A Practical Guide to the Management of Subacute Stent Thrombosis

Summary

This article discusses a stepwise practical guide to managing stent thrombosis, which is multifactorial, involving issues that are related to the patient, lesion, device, procedure, platelet and coagulation factors, and stent-artery interactions.

  • thrombotic disorders
  • interventional techniques & devices

The etiology of stent thrombosis is multifactorial, involving issues that are related to the patient, lesion, device, procedure, platelet and coagulation factors, and stentartery interactions (Figure 1). Stent thrombosis is associated with a high mortality rate and needs to be recognized and diagnosed promptly. Hany Eteiba, MD, Glasgow Royal Infirmary, Glasgow, Scotland, discussed a stepwise practical guide to managing this challenging condition.

Figure 1.

Multifactorial Nature of Stent Thrombosis.

Reproduced with permission from H. Eteiba, MD.

It is well documented that stent thrombosis can occur long (>1 year) after stent implantation and that it occurs equally with bare mental (BMS) and drug-eluting (DES) stents. Often, there is an association with interruption in dual antiplatelet therapy (DAPT). The clinical outcome following stent thrombosis is poor for patients with either BMS or DES [Burzotta F et al. Eur Heart J 2008]. In one study, after 2 years, the recurrence rate for stent thrombosis with DES was in excess of 5% and the mortality rate was ∼20%, regardless of whether the thrombosis occurred early (<30 days), late (31 to 365 days), or very late (>1 year) after stent implantation [Kimura T et al. Circulation 2010].

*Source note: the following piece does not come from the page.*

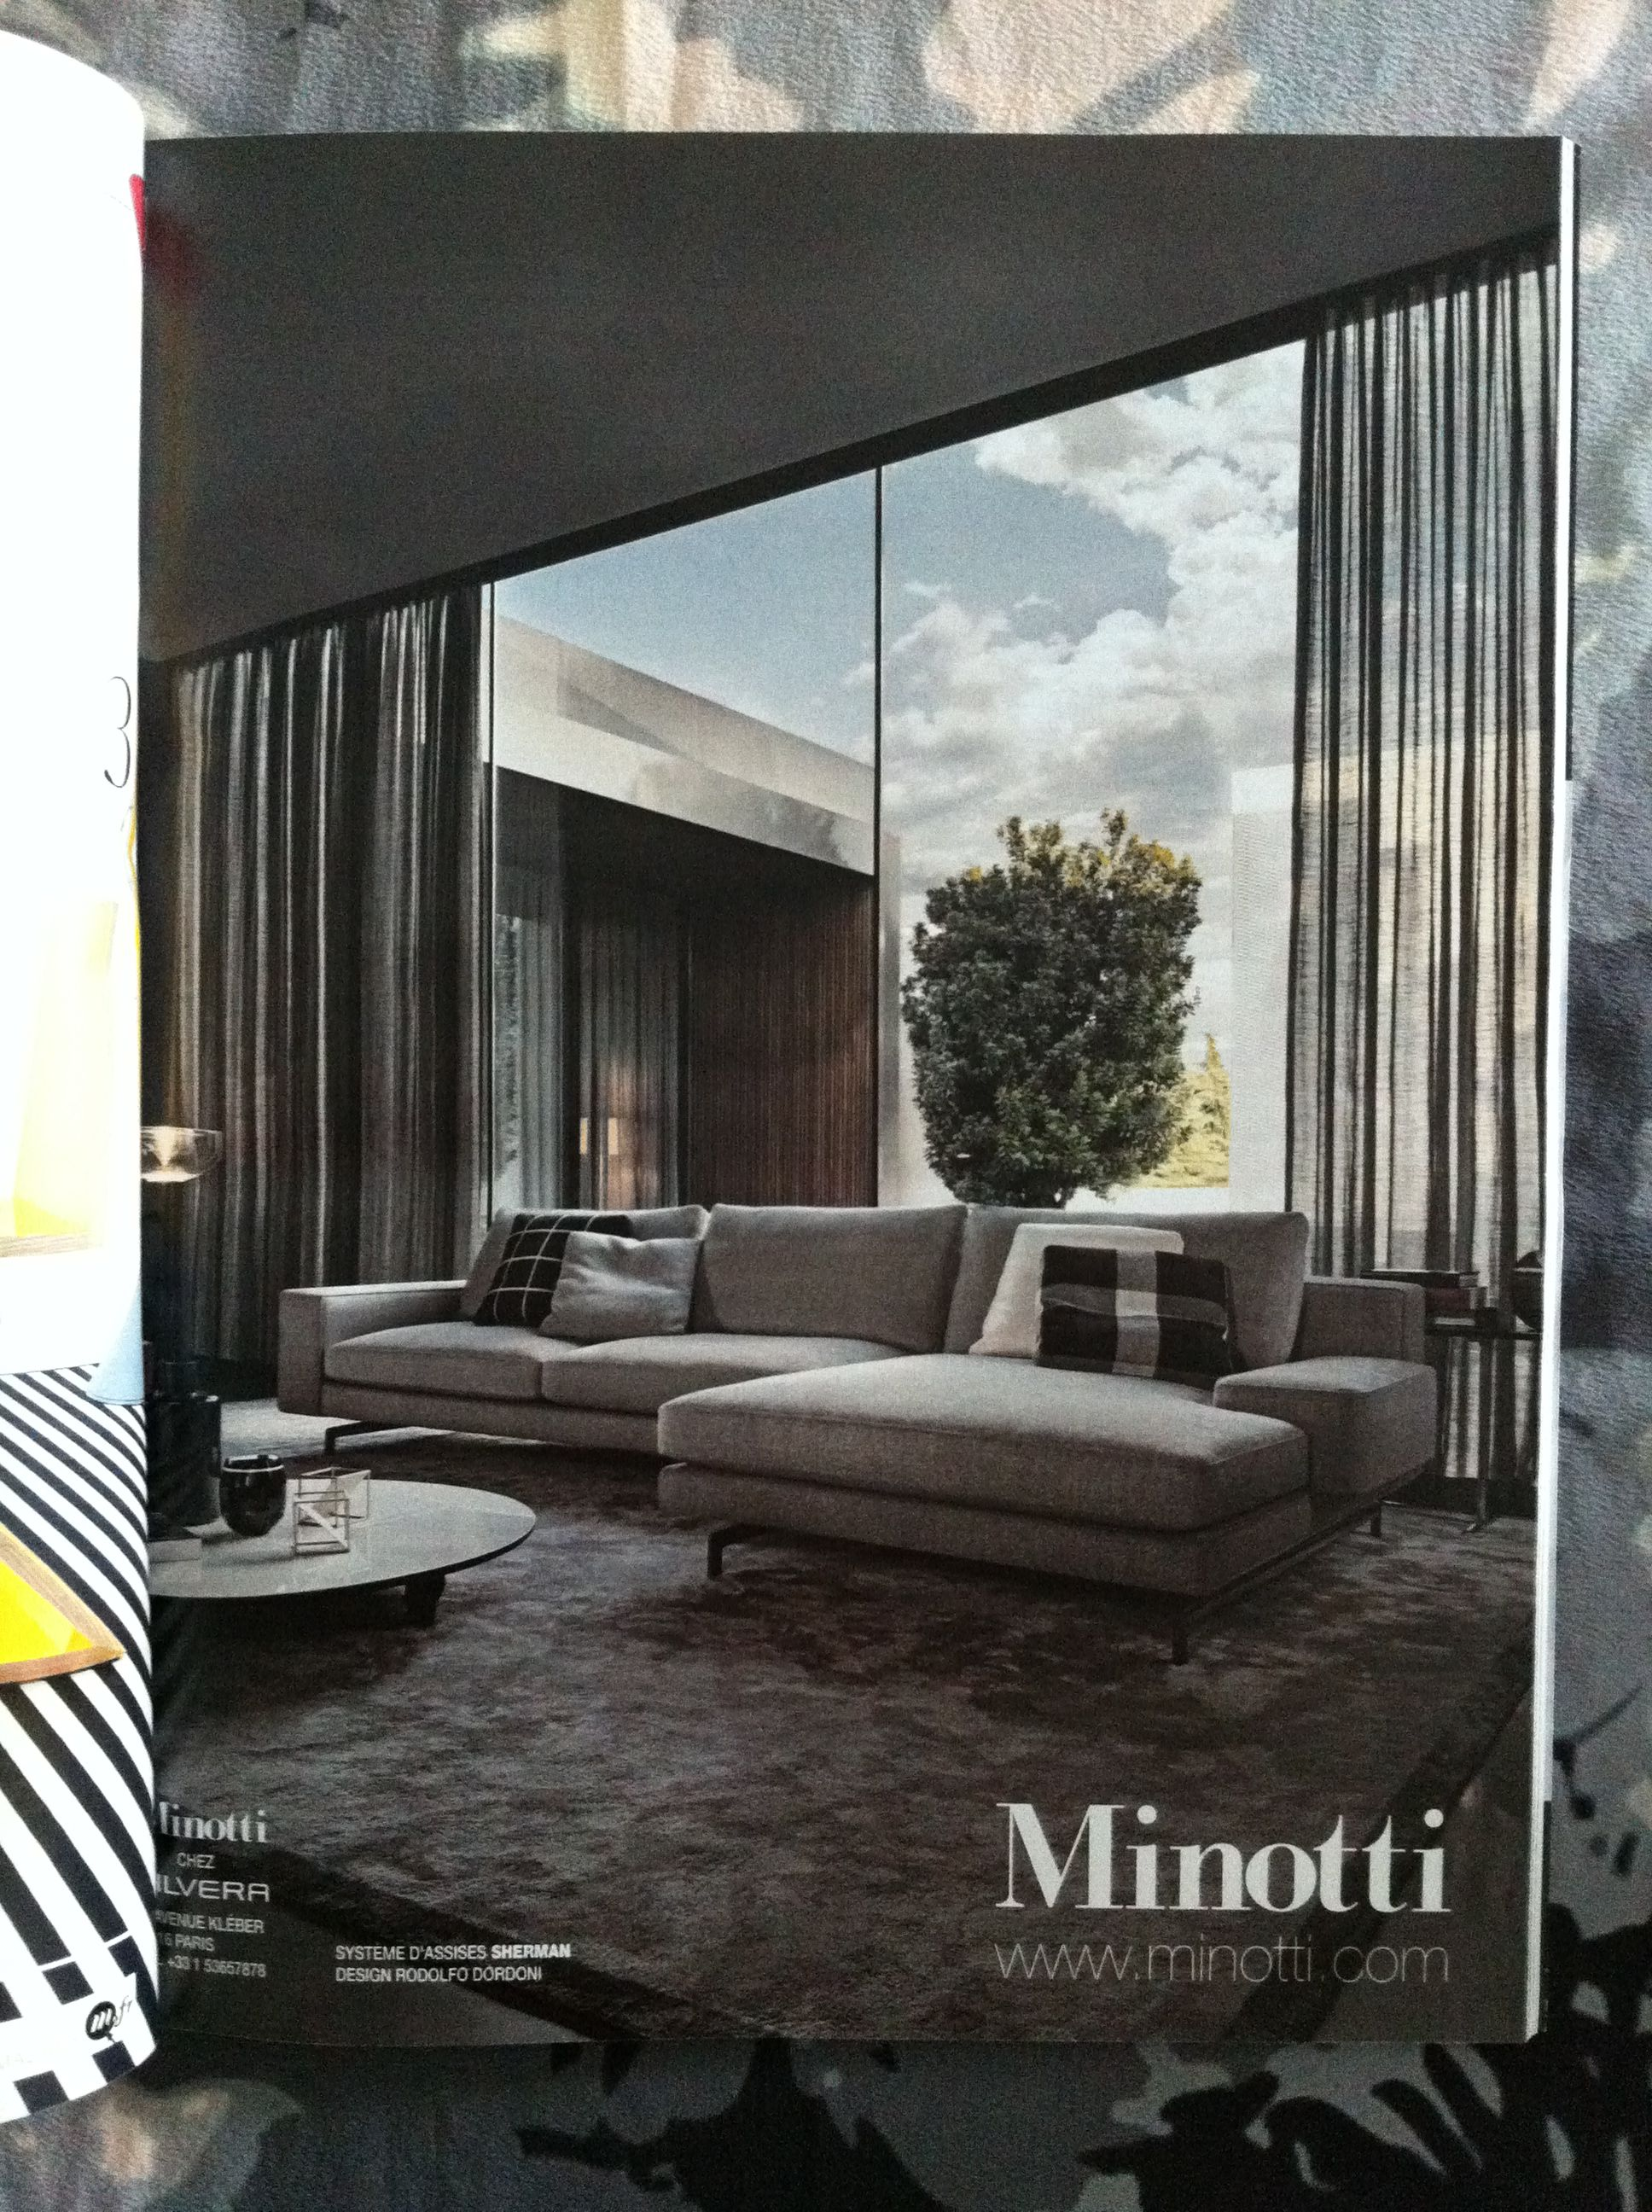 Minotti, style masculin, lounge, chic | Design di interni ...

Proper management of stent thrombosis begins with a correct diagnosis. Since stent thrombosis usually presents with ST-segment elevation myocardial infarction, the possibility should be considered, even if it has been many years since stent implantation and even in the case of a BMS. In particular, there should be a high level of suspicion following cessation of DAPT [Airoldi F et al. Circulation 2007]. Since it is likely that a high thrombotic burden is caused by this event, rapid initiation of adjunctive pharmacotherapy with intravenous antiplatelet agents (eg, glycoprotein IIb/IIIa antagonists) and/or oral antiplatelet therapy (eg, prasugrel, ticagrelor) should be considered. Anticoagulation with weight-adjusted unfractionated heparin can be used, although bivalirudin is a reasonable alternative that is associated with less bleeding than heparin.

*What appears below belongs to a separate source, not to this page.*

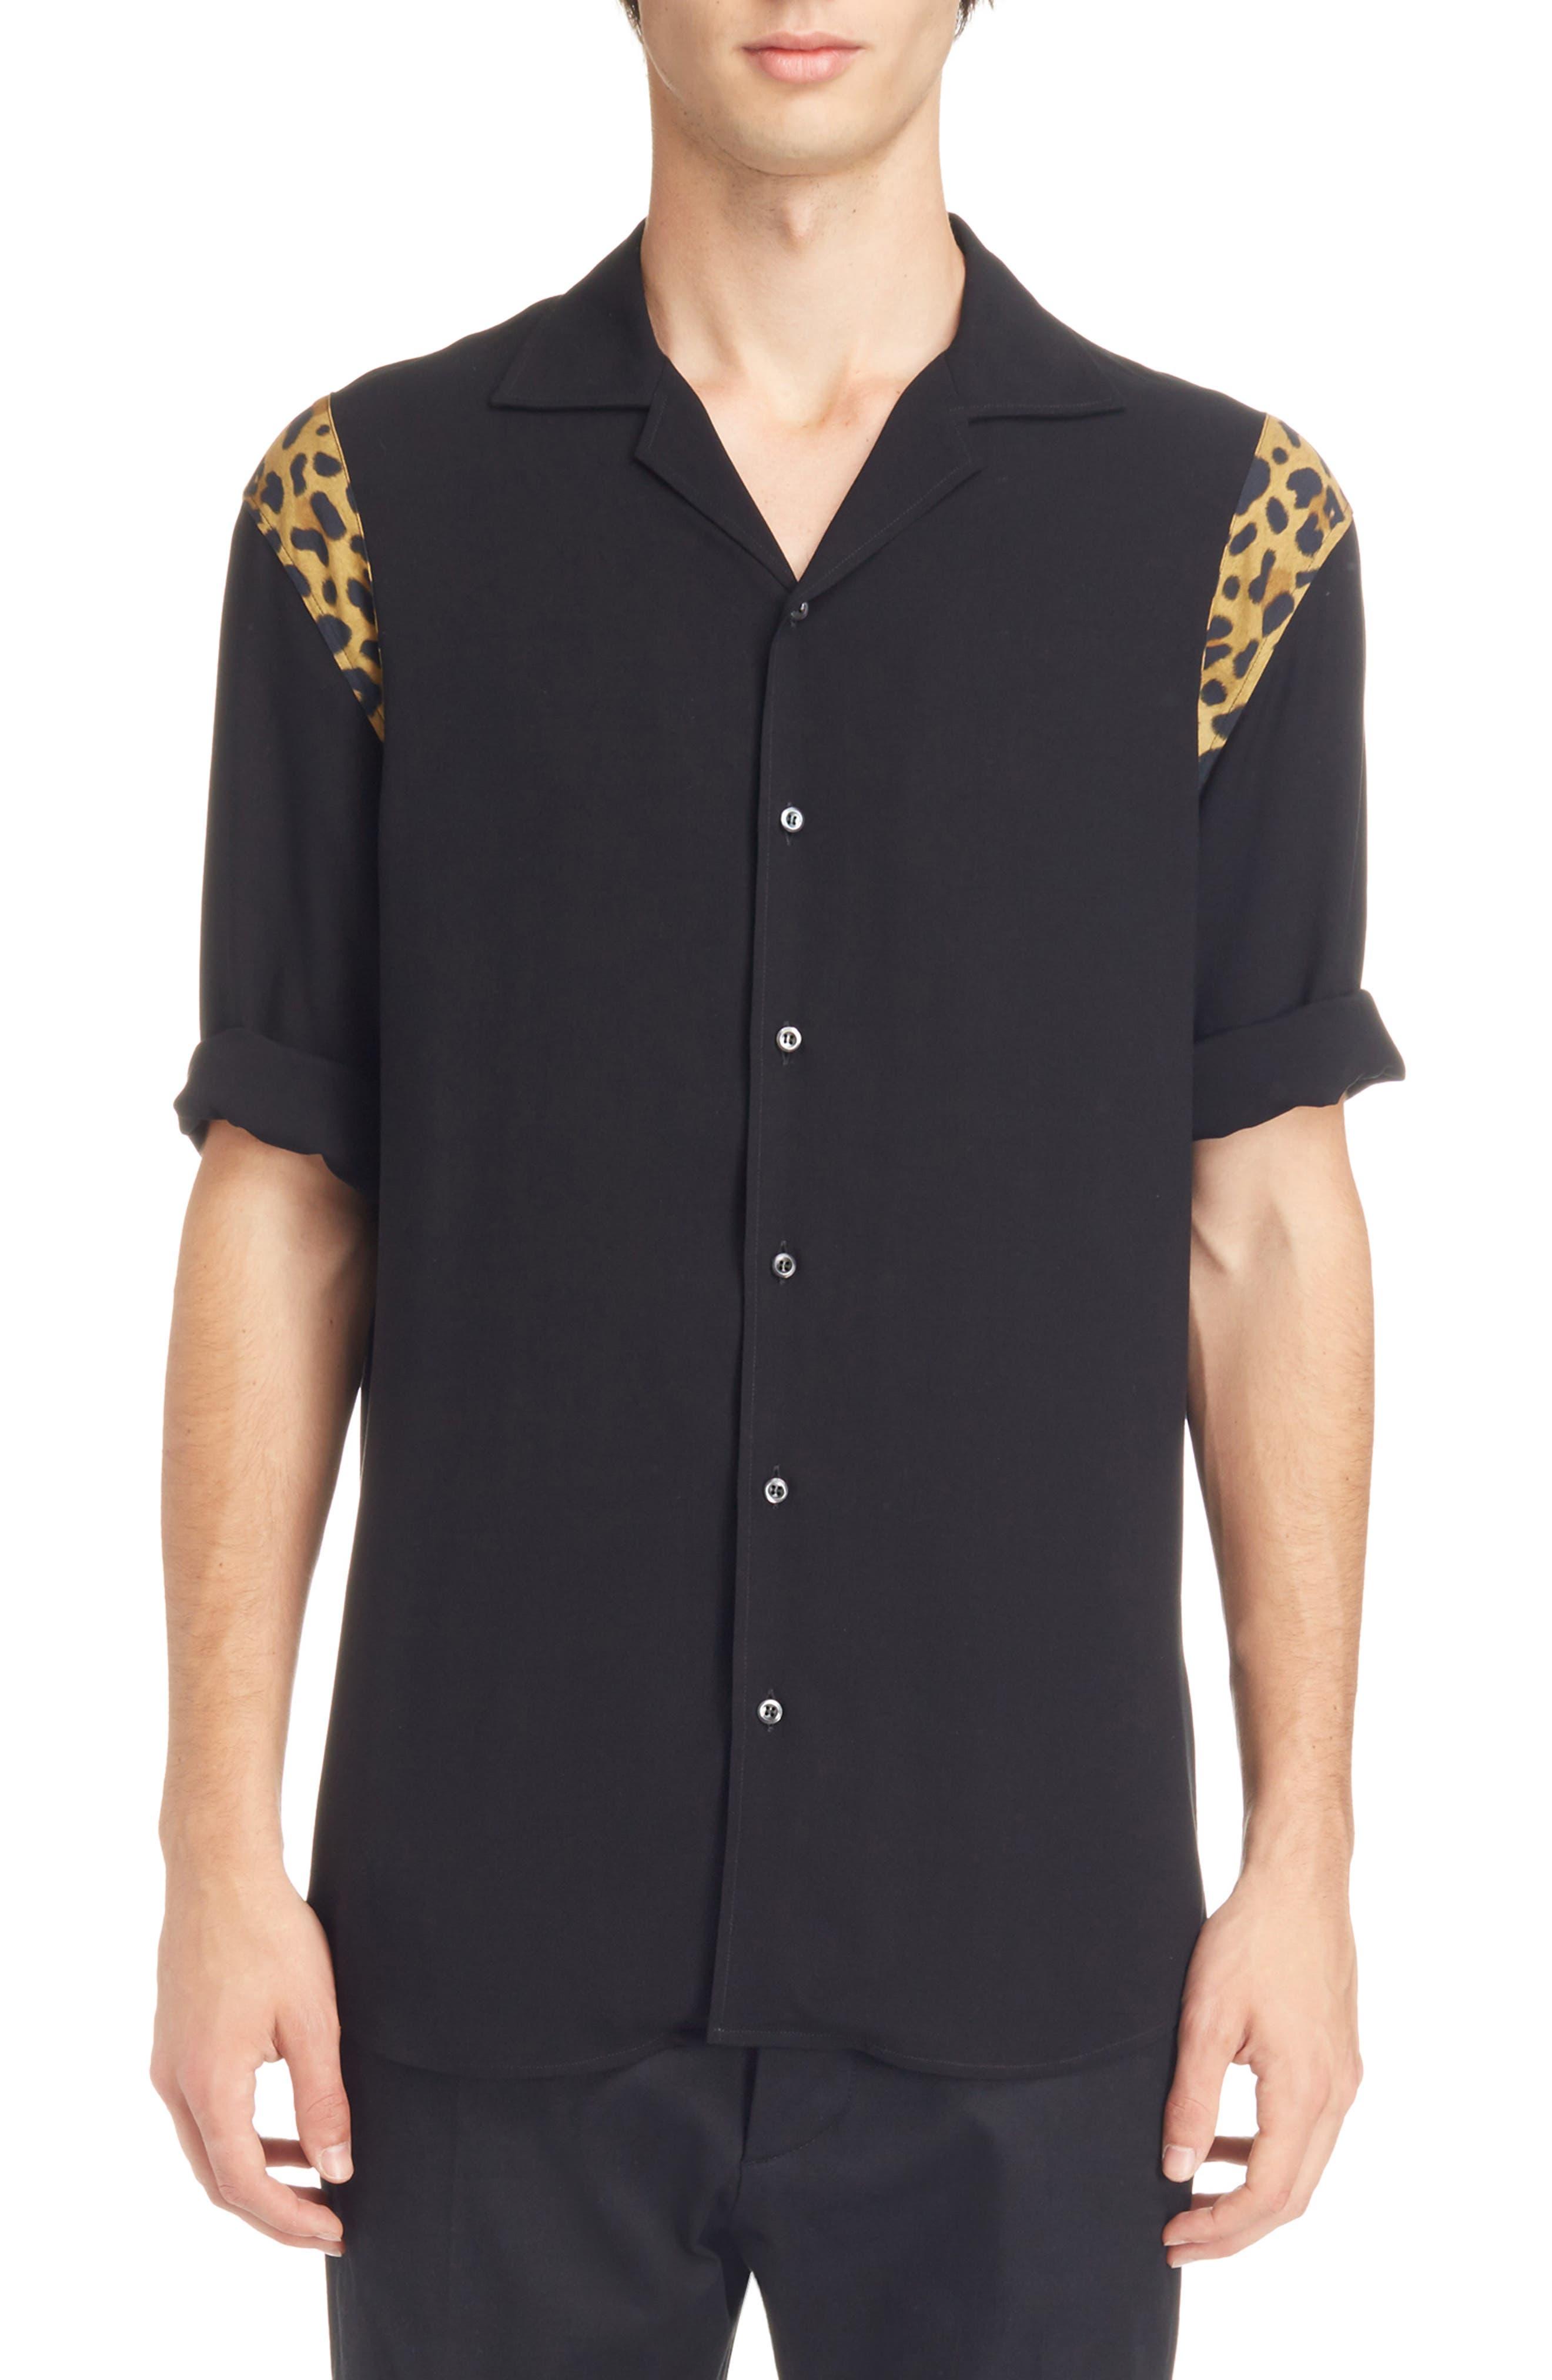 Main Image - Dsquared2 Bowling Shirt

Rapid and careful diagnostic angiography should be considered. Radial access may make sense in centers with experience, bearing in mind that since the thrombus often propagates proximally, it will be difficult to see much in the distal vessel. It is also important to consider that there might be new disease that is adjacent to the stent, particularly in early stent thrombosis. ‘Stent boost’ technology, a new technique that improves fluoroscopy-based assessment of stent expansion, may also be useful for more slender patients. The next step is wiring, with consideration for whether rewiring or a support wire is needed. Thrombectomy should be attempted before any other instrumentation. A smaller catheter with stylet (eg, Pronto LP) is often easier and can also be used to administer adenosine or intracoronary GP IIb/IIIa antagonists if there is slow/no reflow. Intravascular ultrasound (IVUS) is strongly recommended at this point to assess the intraluminal anatomy. Optical coherence tomography imaging is more sensitive than IVUS and can provide even more information, such as the extent of new intimal coverage. Reintervention depends on the cause of the stent thrombosis. In the case of stent strut malapposition, an appropriate intervention is IVUS-guided noncompliant balloon to high-pressure angioplasty, whereas if there is no mechanical problem or malapposition and the problem is inappropriate DAPT cessation, it may be sufficient to do plain balloon angioplasty with high-pressure semicompliant balloon to ensure that the stent is wide open. It may not be necessary to do more than pharmacological thrombectomy. Restenting should be avoided when possible, as it has been associated with worse outcomes [Burzotta F et al. Eur Heart J 2008]. Slow flow is an independent predictor of poor outcome, and use of glycoprotein IIa/IIIb to improve flow should be considered. Finally, post-reintervention management is dependent on the cause of the thrombosis; however, other factors that should be considered include platelet function testing (eg, VerifyNow) and the use of newer ADP receptor blockers (eg, prasugrel/ticagrelor) for 1 year as well as patient education, particularly if compliance is an issue.

In the management of stent thrombosis, early and accurate diagnosis is critical and should be followed by appropriate pharmacology and intervention. IVUS is vital for a good reintervention. Restenting should be avoided if possible, and careful thought should be given to appropriate antiplatelet therapy and patient education.